# Renting an apartment in Greece



## Bob2 (Dec 24, 2012)

Is there a popular place (website) where people advertise their apartments for long term rental in Greece?

Thanks,
bob.


----------



## concertina (Oct 18, 2012)

Bob2 said:


> Is there a popular place (website) where people advertise their apartments for long term rental in Greece?
> 
> Thanks,
> bob.


Hi Bob,you can look at Expat Forum-property to rent adds,or there is a popular paper,Chrisi Efcaria which has loads but you need to read Greek,there are lots to rent on various web sights,choose the area you want or nearest town and take your pick,I have tried to ask before where people found their rental from because I will want to rent part of my house in the countryside in 2014 but they just say,look at web sites,where are you wanting to go?,I can help you if you are looking for Athens which is where I am.


----------



## Bob2 (Dec 24, 2012)

Hi.
To be honest I am just interested in somewhere with year round sunshine. I suppose the closest I could get to that would be Crete. Somewhere I could perhaps visit for a few months during the colder months here in the UK.
Bob.


----------



## concertina (Oct 18, 2012)

Bob2 said:


> Hi.
> To be honest I am just interested in somewhere with year round sunshine. I suppose the closest I could get to that would be Crete.

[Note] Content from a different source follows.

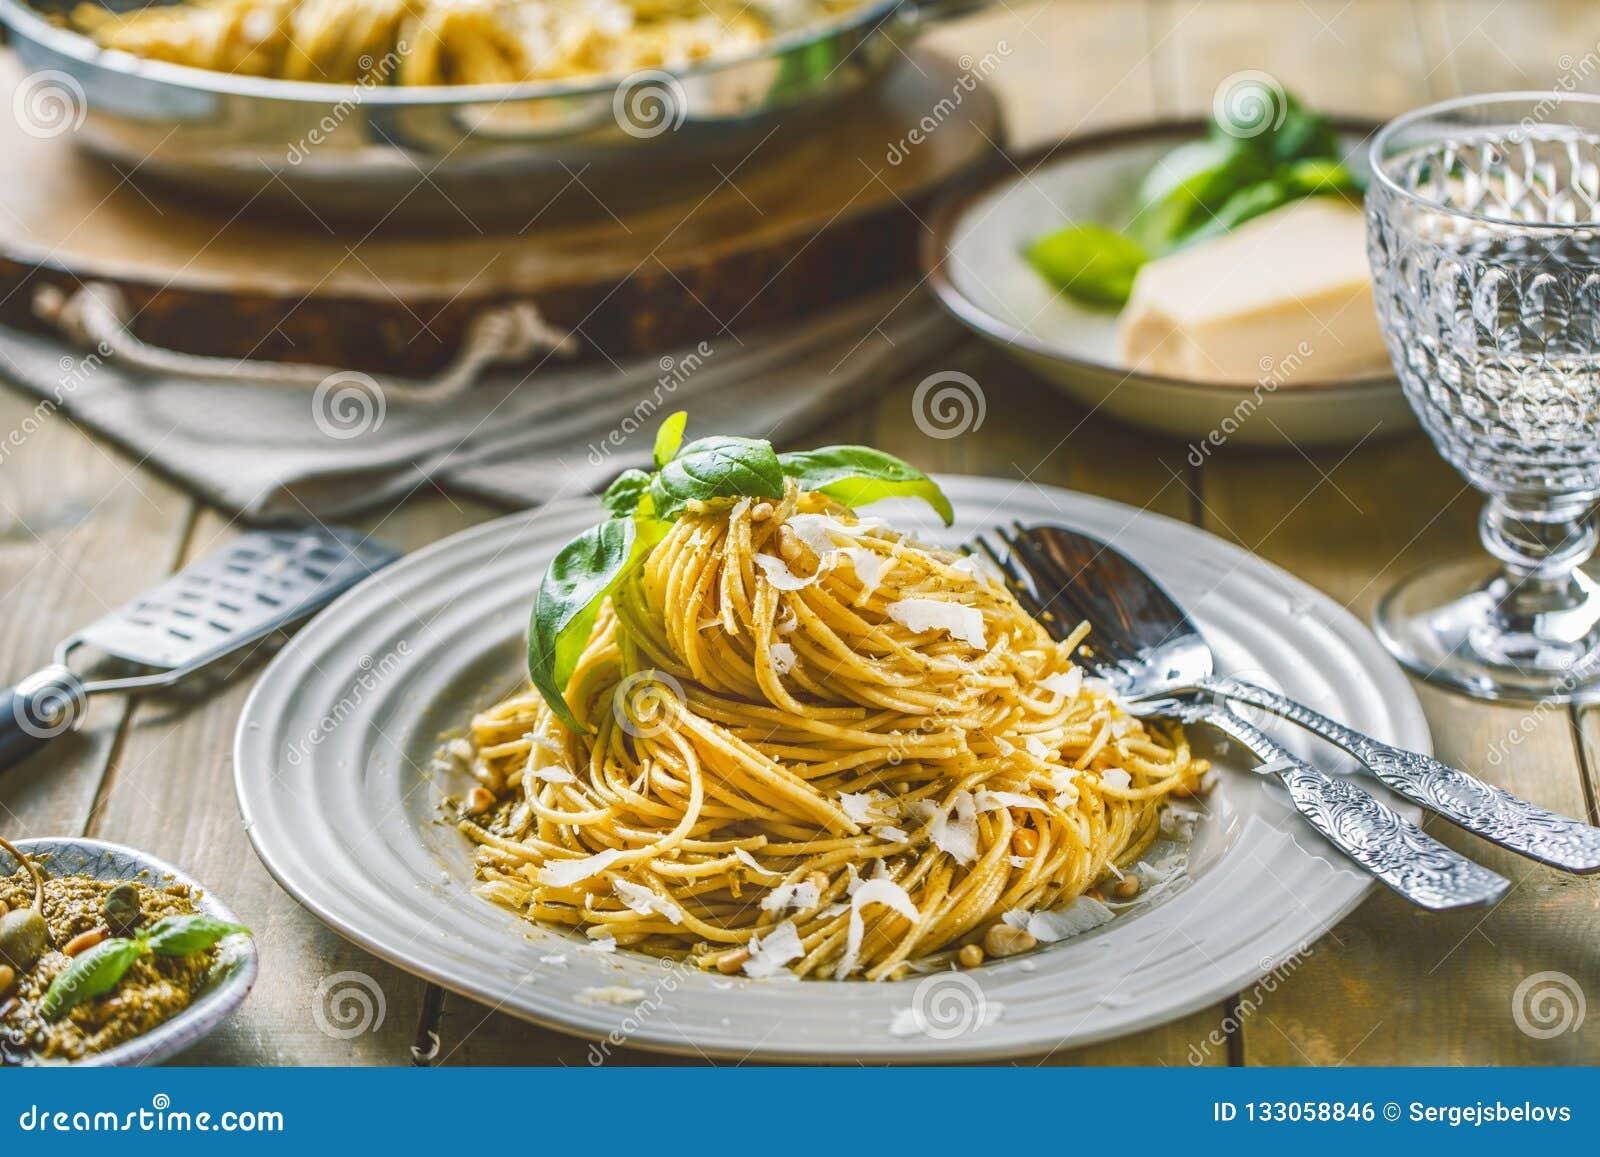 Deegwarenspaghetti met basilicumroom en kaas Hoogste mening over grijze steenlijst Vegetarische plantaardige deegwaren

Somewhere I could perhaps visit for a few months during the colder months here in the UK.
> Bob.


Crete or Cyprus have easier winters but however do still have winter,lots of british always ran off to spain I think.Of course winter in greece is only difficult in maybe jan,feb,march.We often swim in a lake near our cottage in november,a bit chilly but loads better than uk,lots more sunshine here.Someone retired in UK would really benefit from having a bolt hole to run to so as to enjoy some outdoor pursuits, see some open sunny days..etc..


----------